Previous studies performed with other human cell lines have also explored the medicinal value of sea fennel essential oils and leaf extracts. Ethyl acetate extracts of C. maritimum have been shown to inhibit the growth of hepatocellular carcinoma (HCC) cells by reducing intracellular lactate, inhibiting protein anabolism, and affecting lipid homeostasis (reduction of triglycerides, cholesterol, MUFAs, and PUFAs). These findings highlight the role of sea fennel as a promising tool for the prevention and treatment of hepatocellular carcinoma [47]. Additionally, sea fennel aqueous extracts were loaded into soybean phosphatidylcholine liposomes and delivered to Caco-2 cells. As a result, cells presented anti-inflammatory activity (by decreasing their pro-inflammatory response) via lowering levels of interlekin-10 (IL-10) and tumor necrosis factor alpha (TNF-α). Thus, sea fennel can be a valuable nutraceutical tool given its phytochemical profile and antioxidant, antimicrobial, and anti-inflammatory properties.

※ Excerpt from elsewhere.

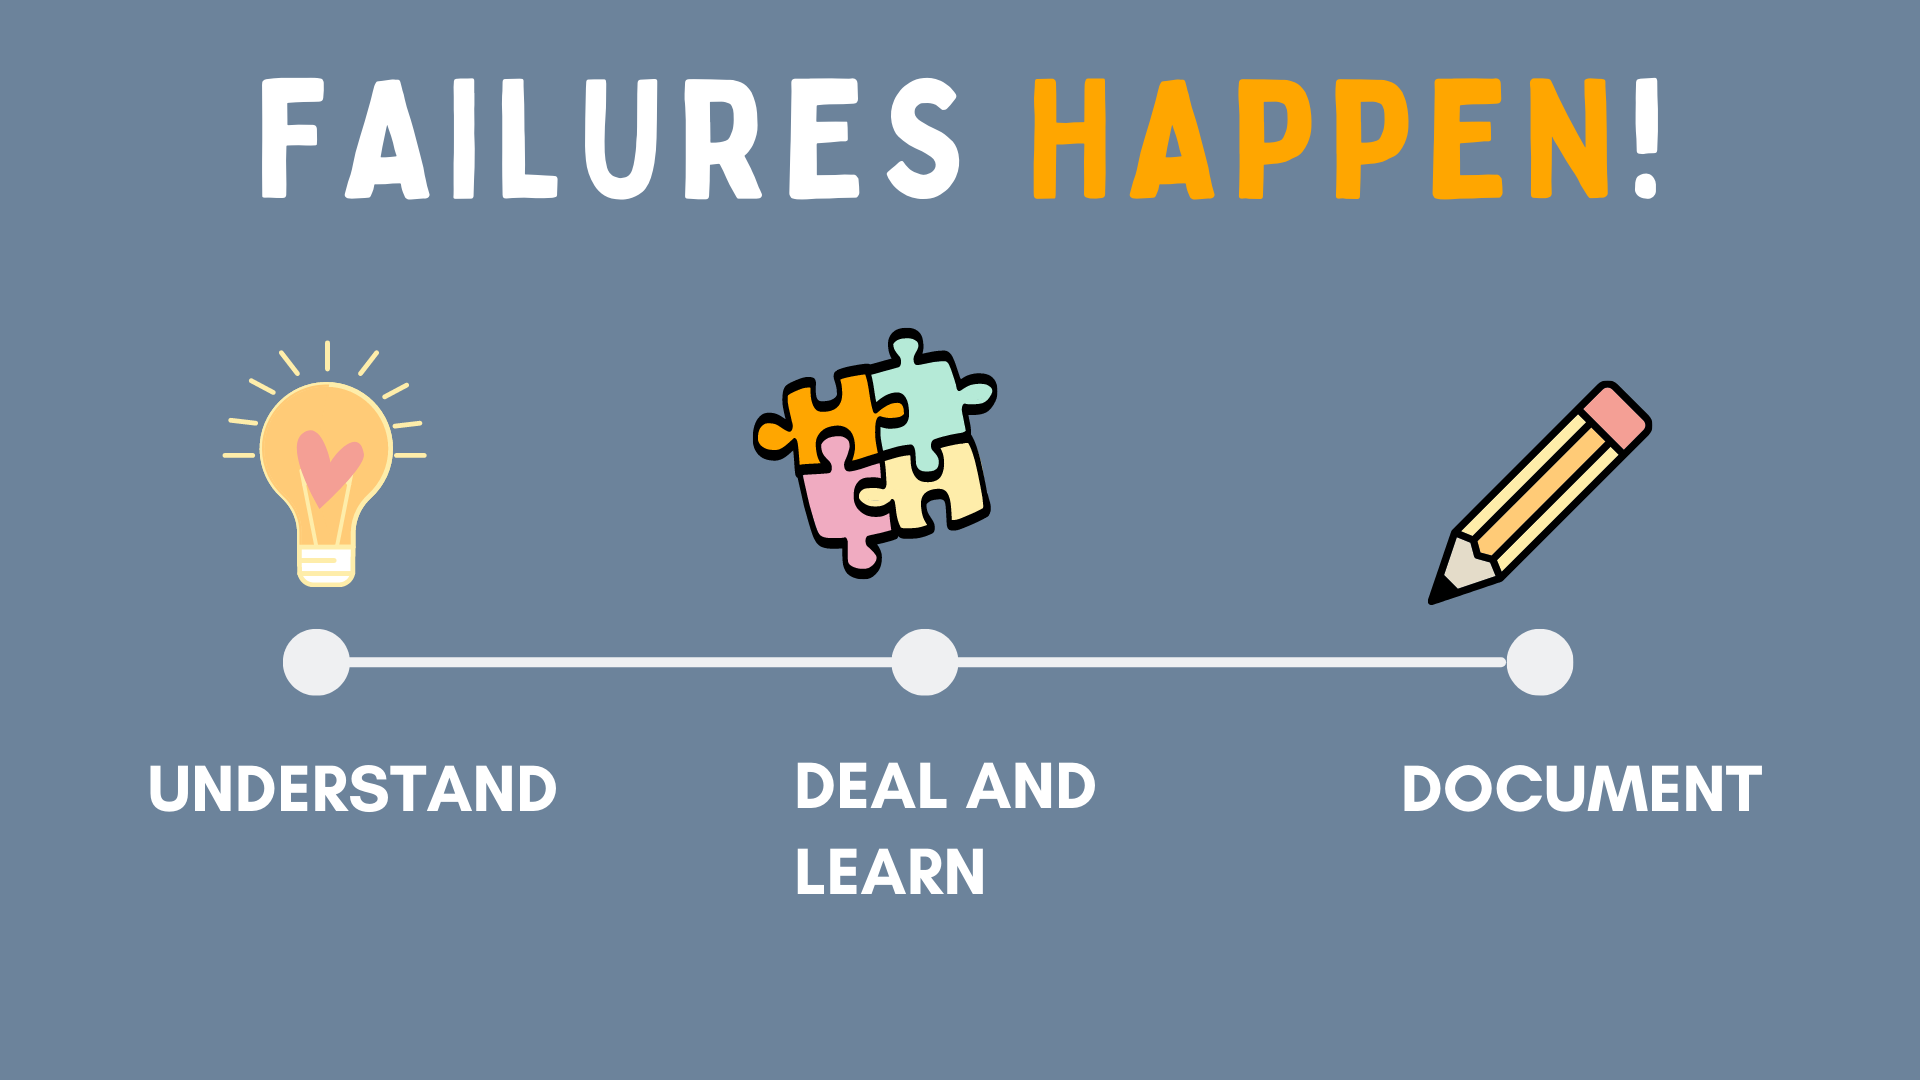 A slide with the title 'failures happen' and 3 steps: understand, deal and learn, document

2.8. Prebiotic Effect on Lactobacilli

The potential prebiotic effect of sea fennel leaves was also investigated on the growth of probiotic Lactobacillus bulgaricus. Bacterial growth rates were different in the absence and presence of C. maritimum plant material at 0.1% (w/v). Lactobacilli growth was faster in the presence of sea fennel leaves, as shown by the bacterial growth curves after 12 h of incubation at 37 °C (Figure S3, Supplementary Materials), indicating that the plant may hold prebiotic potential. Previous authors have also shown that C. maritimum may be a potential vehicle for probiotic (Lactiplantibacillus plantarum IMC 509) delivery to humans by making use of an artificially acidified, pasteurized sea fennel preserved in brine submitted to 44 days of refrigeration [29]. Thus, the sea-fennel-derived nutrients present in the leaves (with 66.5% carbohydrates) may support the survival of the probiotic strains, as also seen for other probiotic-enriched foods [48].

3. Materials and Methods

3.1. Plant Material and Analytical Reagents

Crithmum maritimum plant material was hand-collected during September 2021 at the marine cliffs of Cruz dos Remédios (Peniche, Portugal), 39°21′57″ N 9°24′15″ W, 21 m above sea level and taxonomically identified. Once harvested, plant materials were cleansed with ultrapure Milli-Q water (Millipore Co., Burlington, MA, USA), separated accordingly (aerial parts, leaves, flowers, schizocarps) frozen at −80 °C (Haier Medical, Qingdao, China, DW-86L728J), freeze-dried (Telstar, Terrassa, Barcelona, Lyoquest-85), ground to powder, and stored at −20 °C, until use.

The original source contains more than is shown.